Data segment -
# # # # #

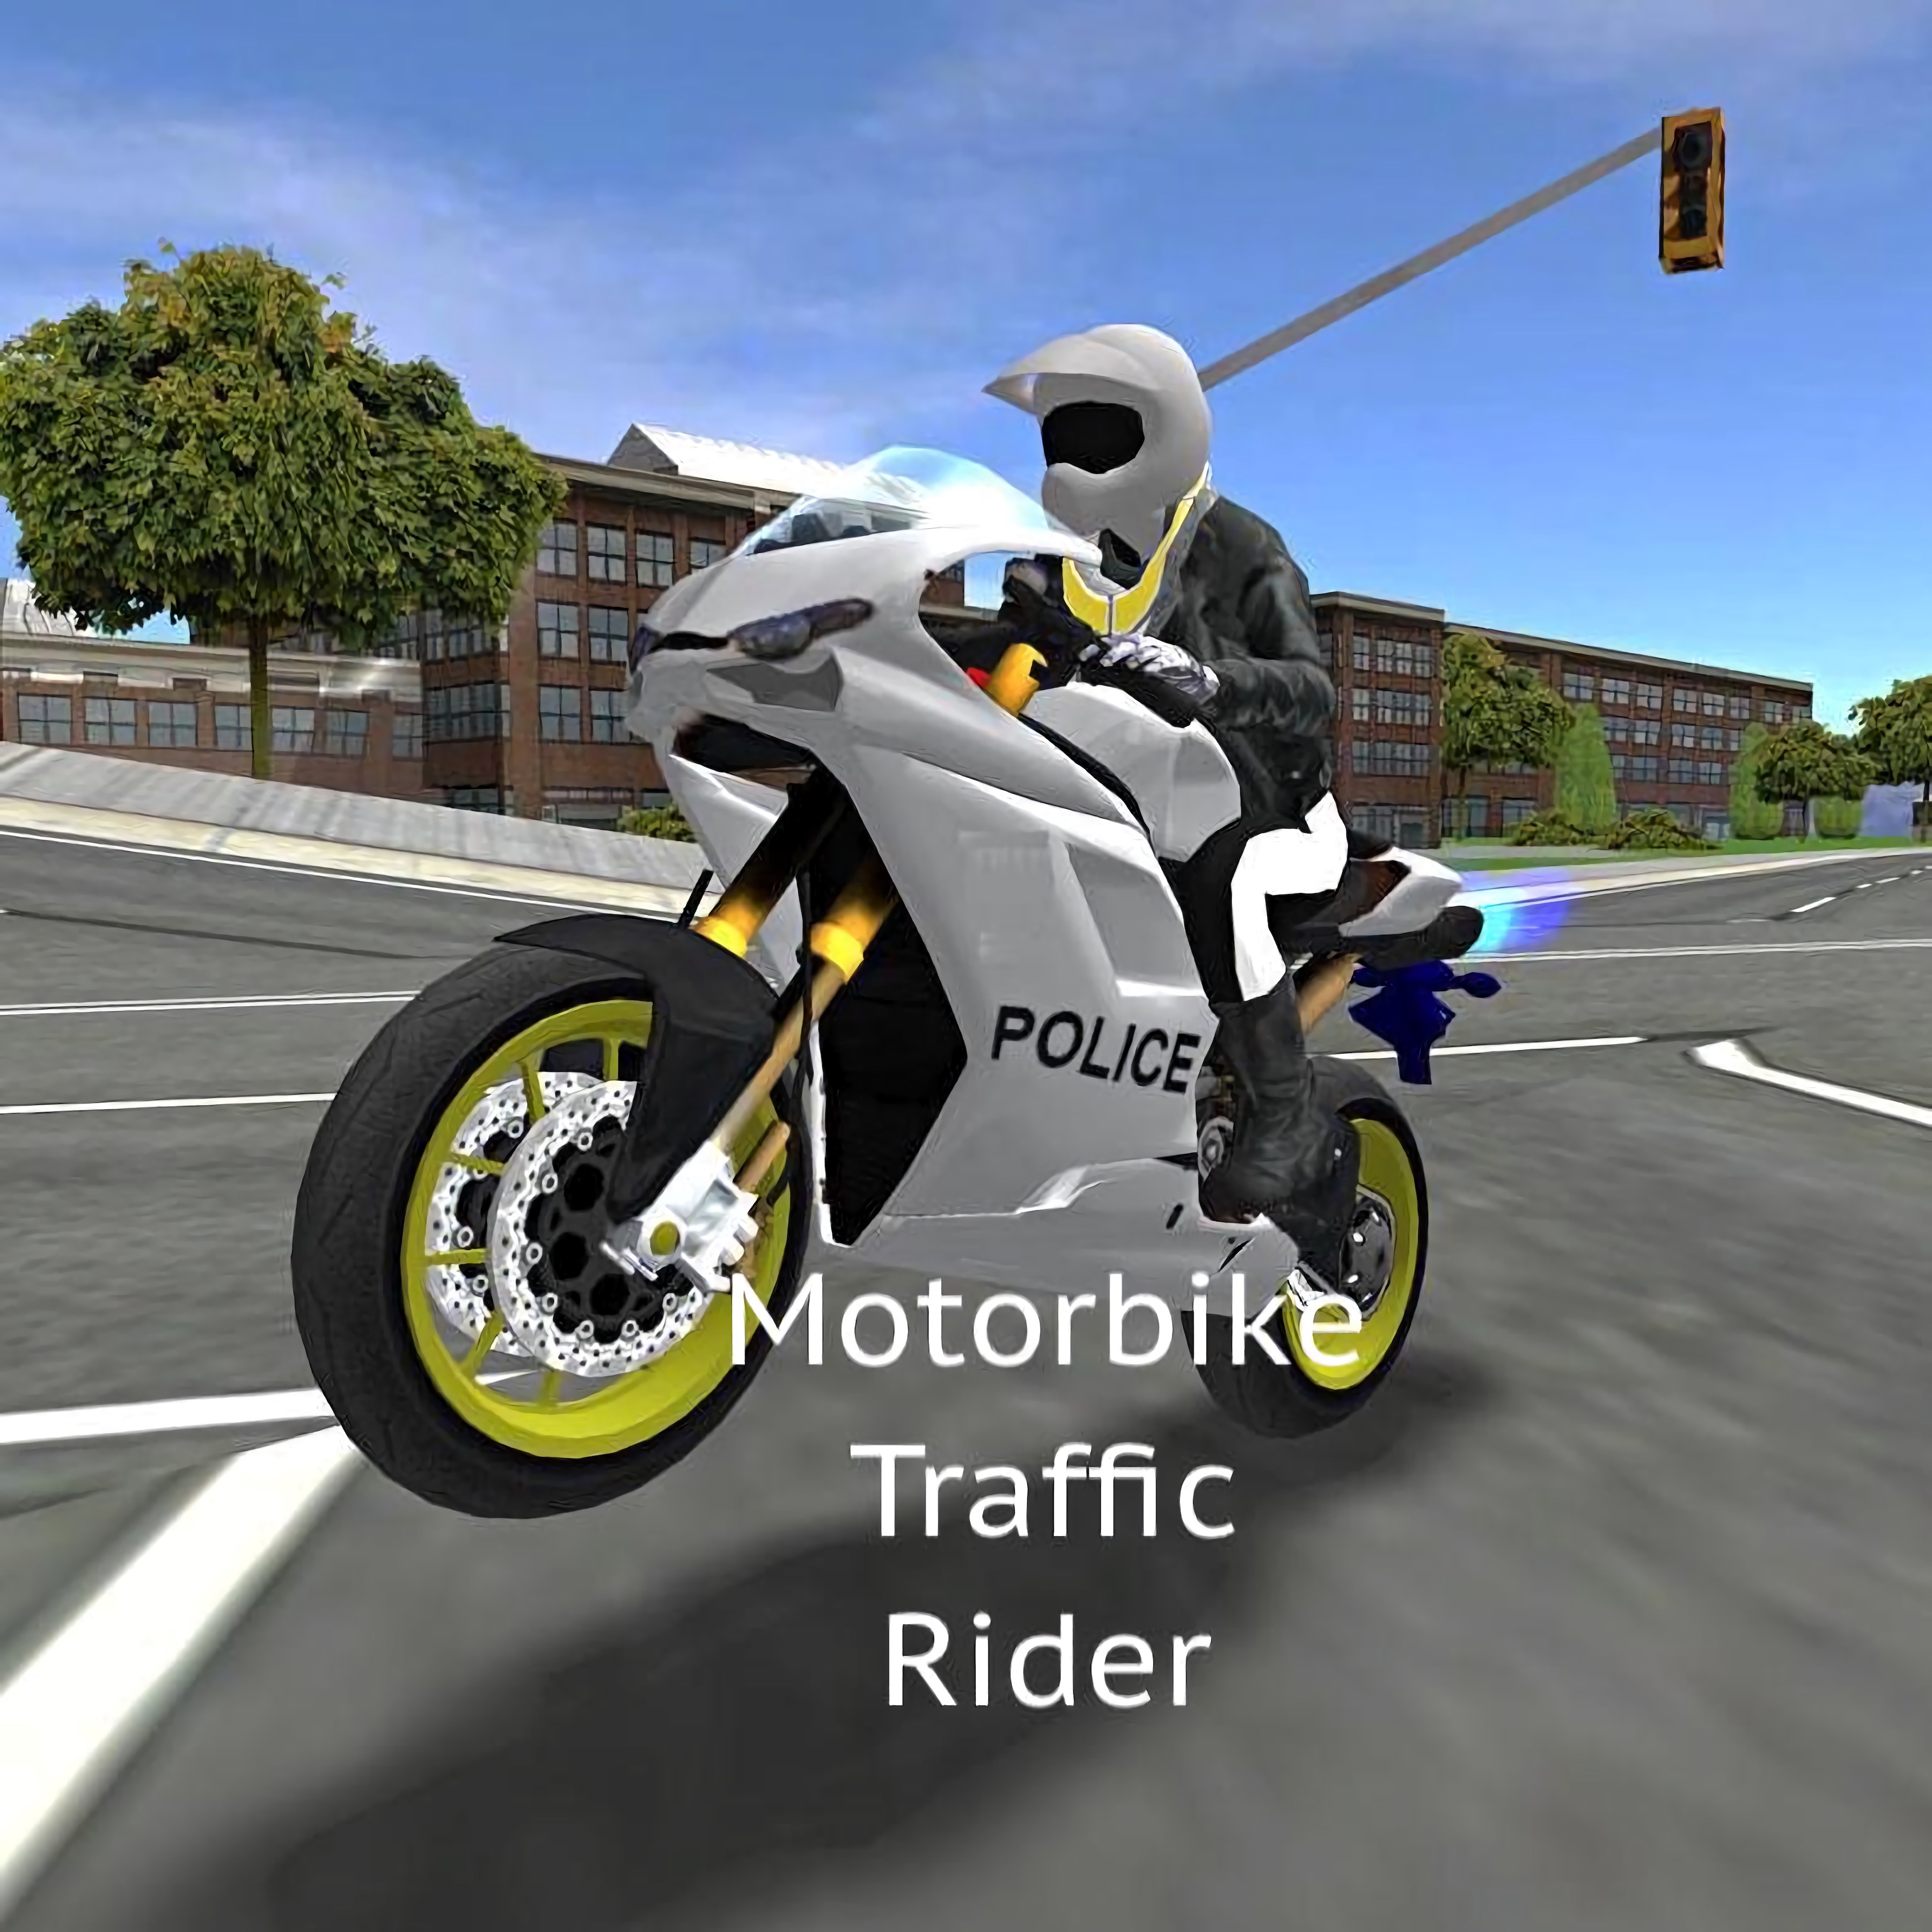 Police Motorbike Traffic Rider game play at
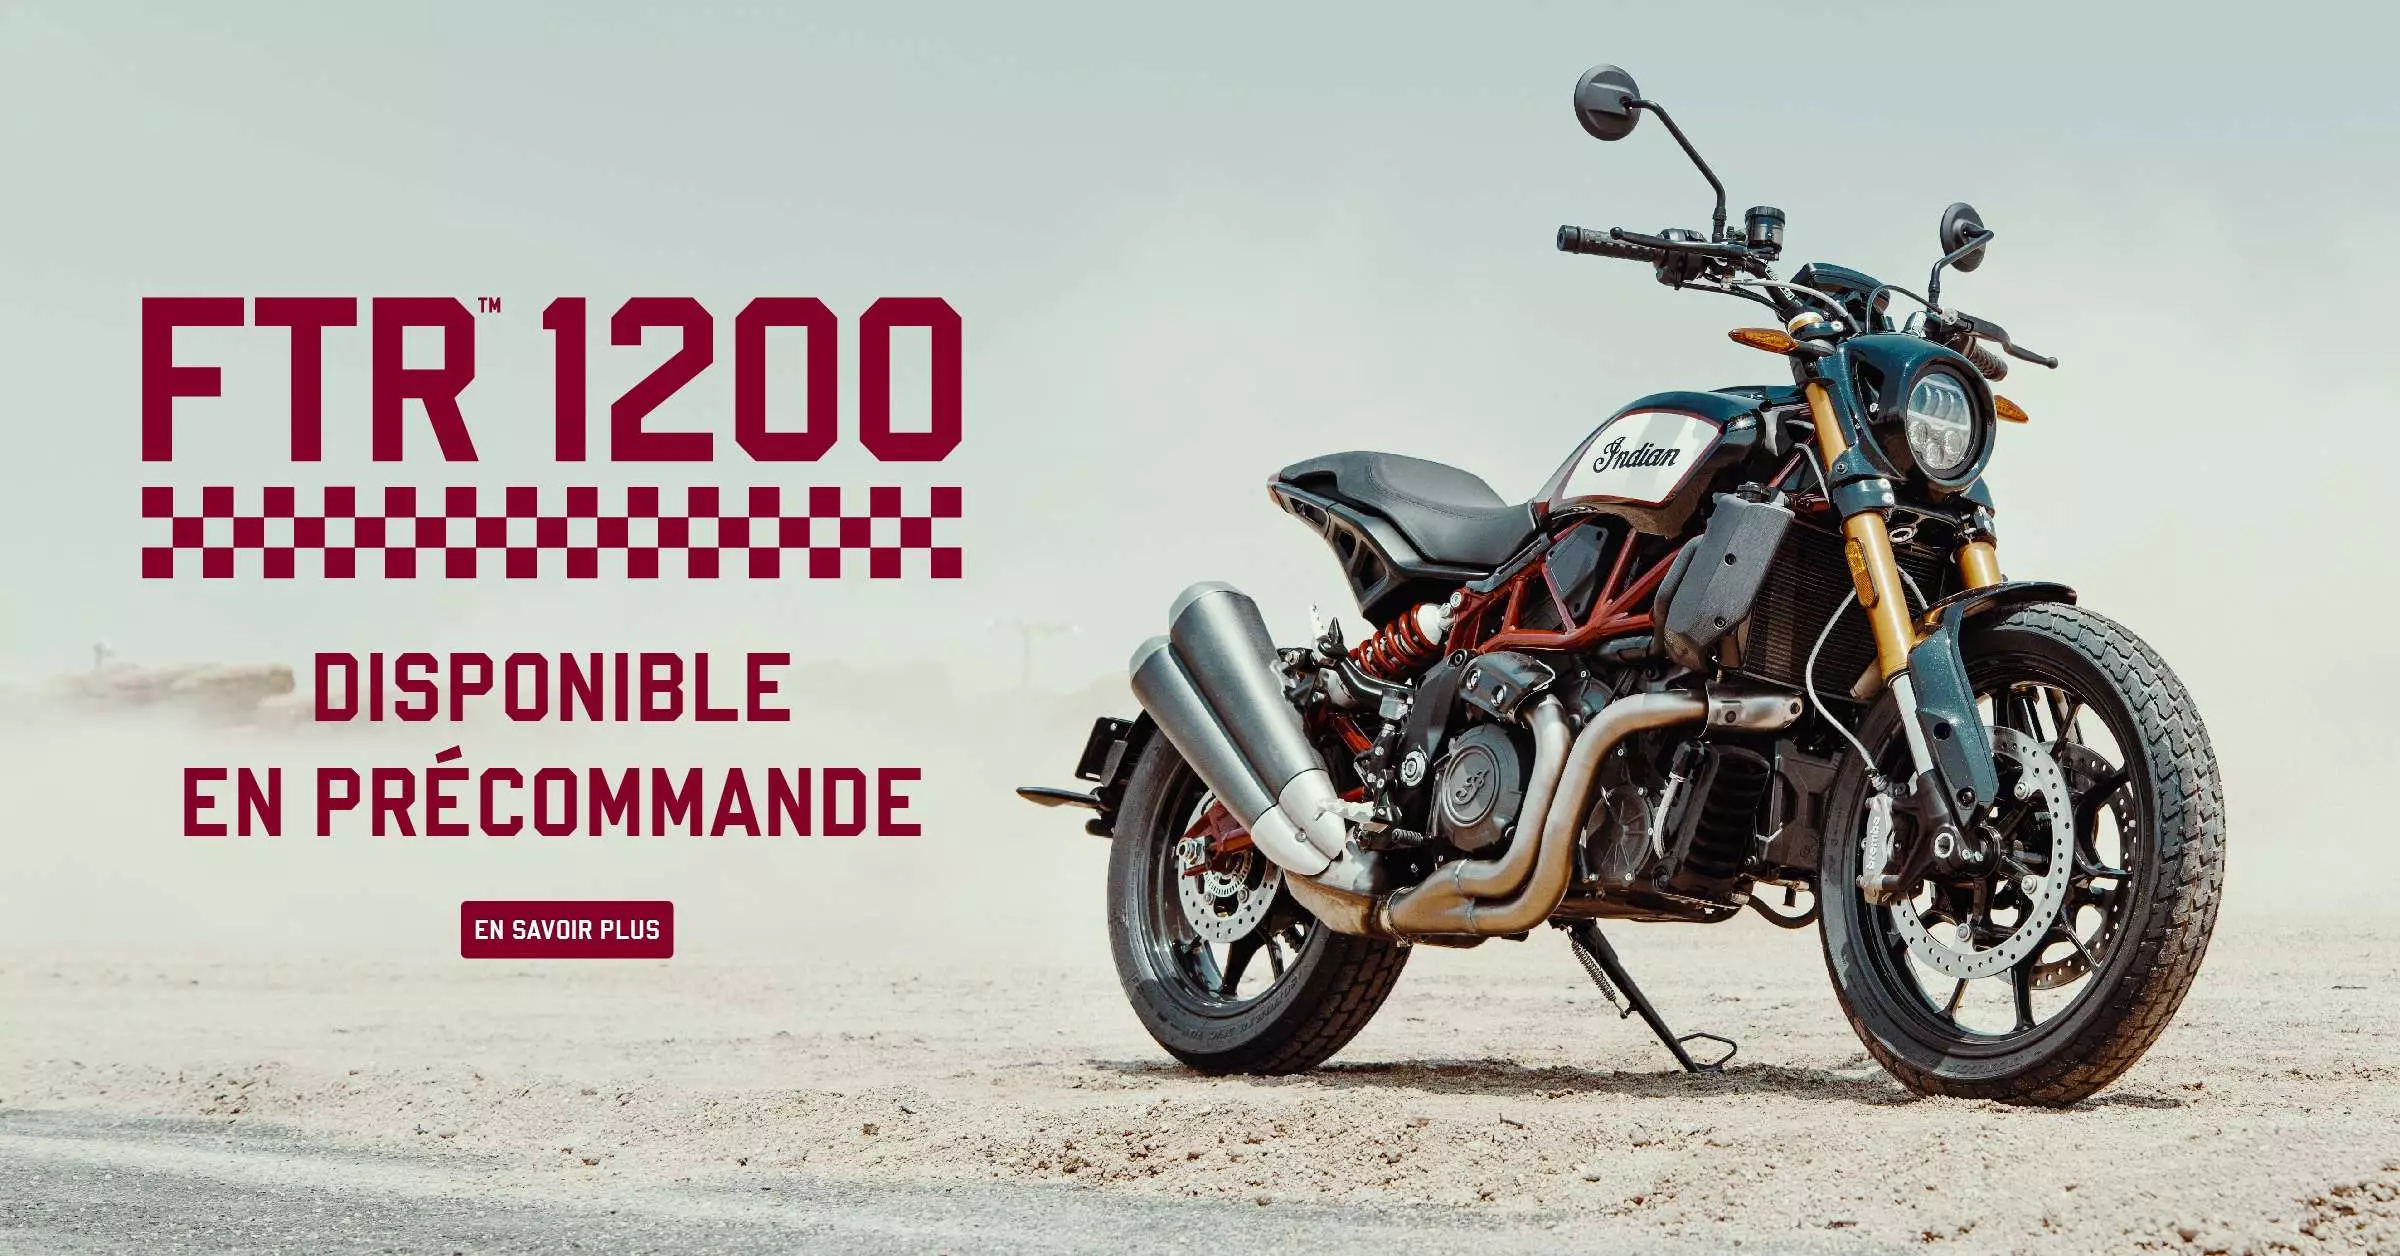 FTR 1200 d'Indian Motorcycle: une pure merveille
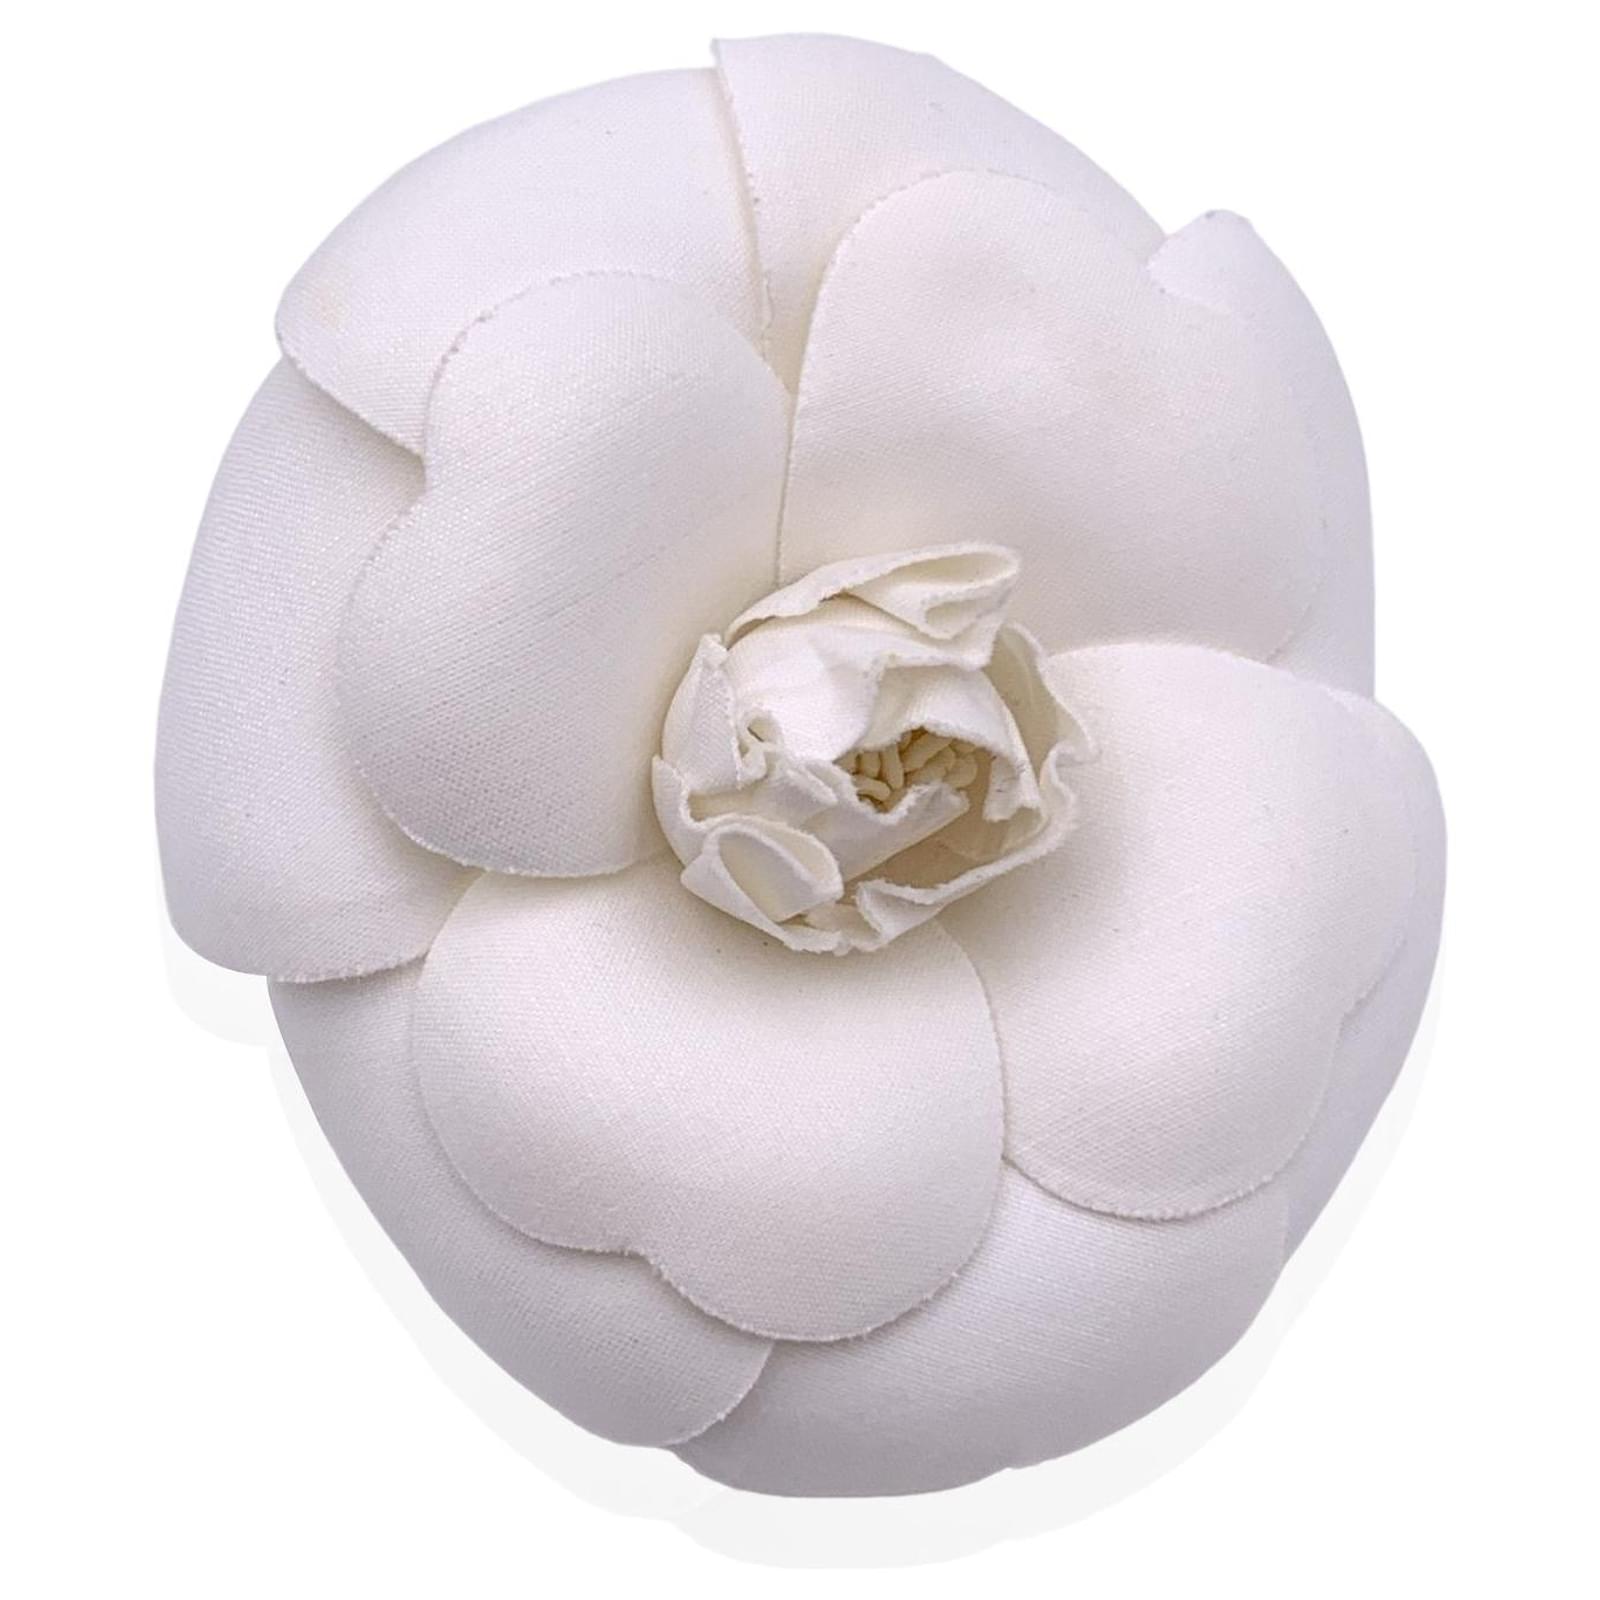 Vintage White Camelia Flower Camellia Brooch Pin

# # # # #

Nothing but the pictures may be dropped as you repeat the listing above exactly.

Output for this task -
 Police Motorbike Traffic Rider game play at
 FTR 1200 d'Indian Motorcycle: une pure merveille
 Vintage White Camelia Flower Camellia Brooch Pin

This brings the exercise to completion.